Strony

niedziela, 15 lutego 2015

Czapkuję

nie, nikomu nie czapkuję (zgodnie ze słownikowym znaczeniem tego słowa) - nadałam mu na swój użytek nowe znaczenie: namiętnie robię czapki. Dzisiaj dwie kolejne (ten sam wzór) - przeznaczone zostały dla męża.

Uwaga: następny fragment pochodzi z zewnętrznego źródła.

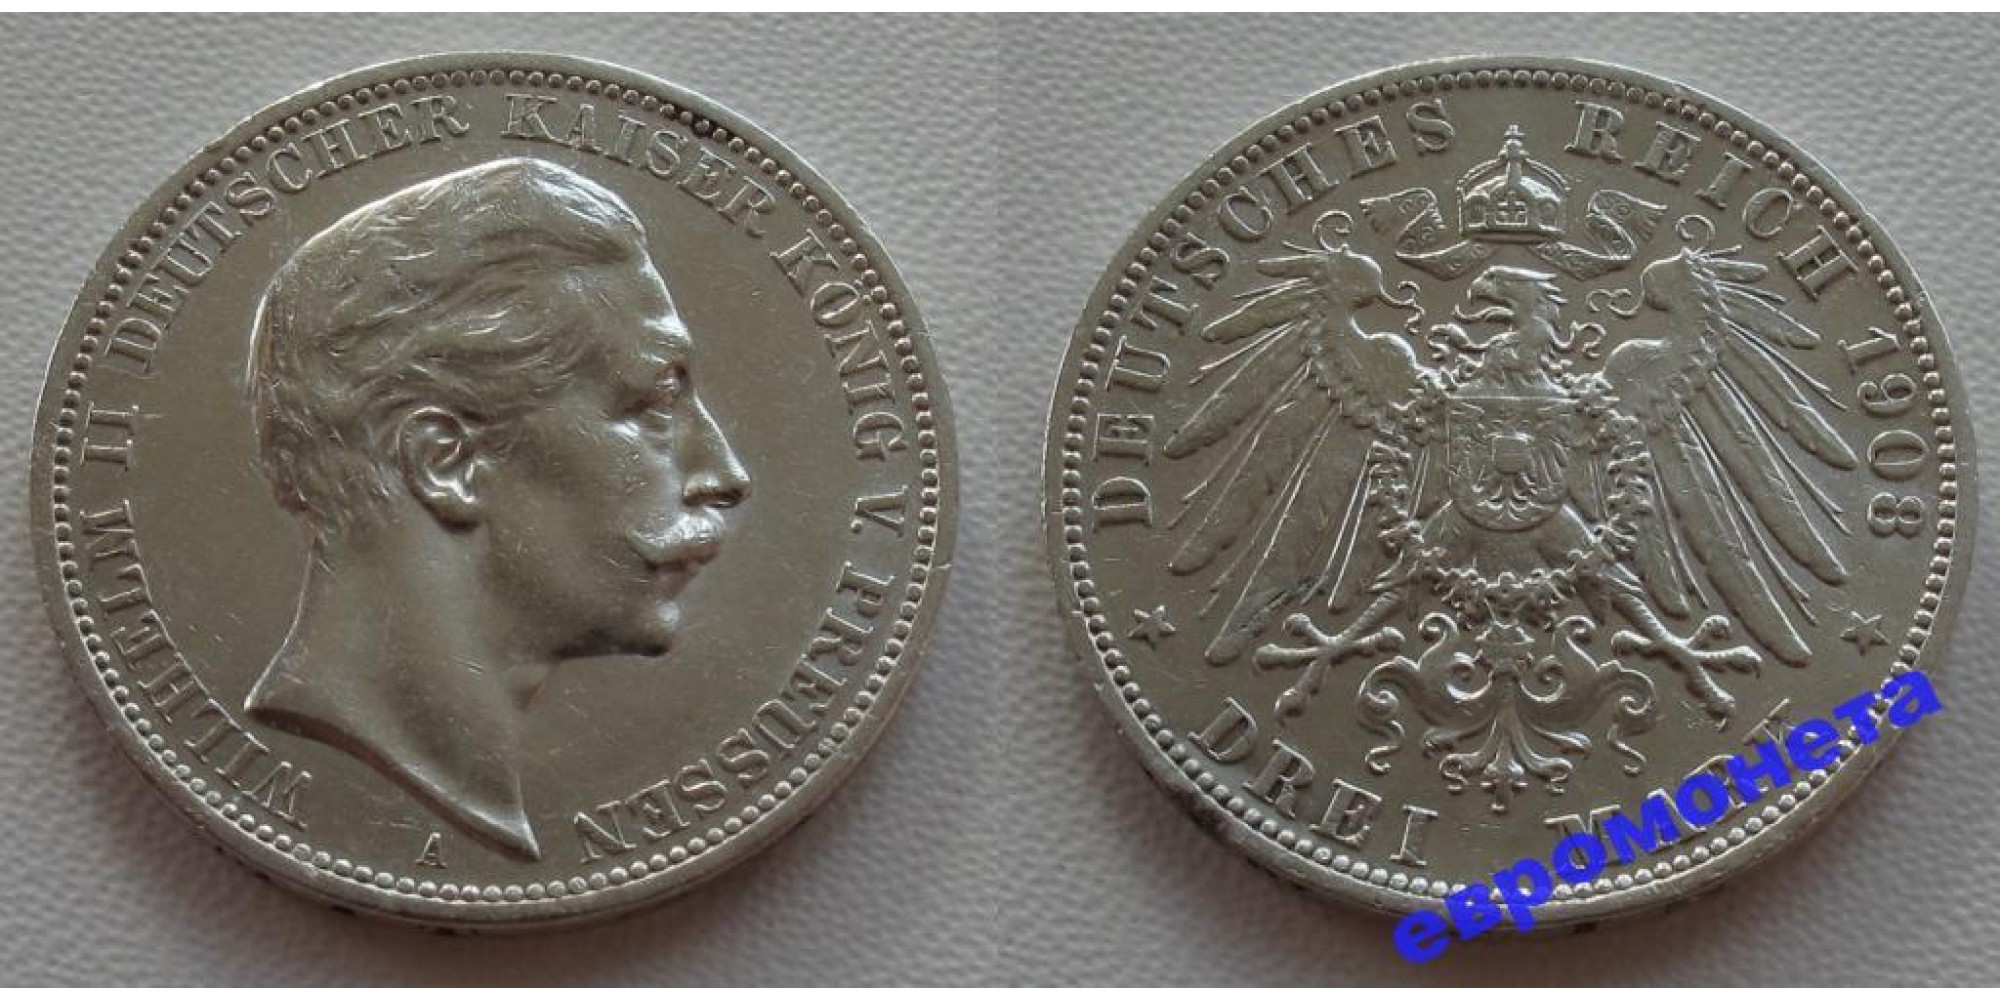 Германия Пруссия 3 марки 1908 год A монета на фотографии серебро

Ma chłopina jakieś cieniutkie czapki w paseczki; z grubszych jedną zgubił, a drugą - identyczną jak ta grafitowa prezentowana dzisiaj - sama "załatwiłam". Wyprałam wełnianą czapkę w pralce i się sfilcowała. Nie chciało mi się prać jednej czapki w misce. Ręka mi zadrżała, kiedy wkładałam ją do pralki i zgodnie z przewidywaniami - wyjęłam "kocyk" nienadający się już do włożenia.  Miałam ją wyrzucić, jednak zdecydowałam się na prucie. Sprułam, odświeżyłam włóczkę i wydziergałam drugi raz taką samą czapkę, jak wcześniej.
Z rozpędu zrobiłam też mężowi czerwono-czarno czapkę z pomponem do kurtki w tych samych kolorach.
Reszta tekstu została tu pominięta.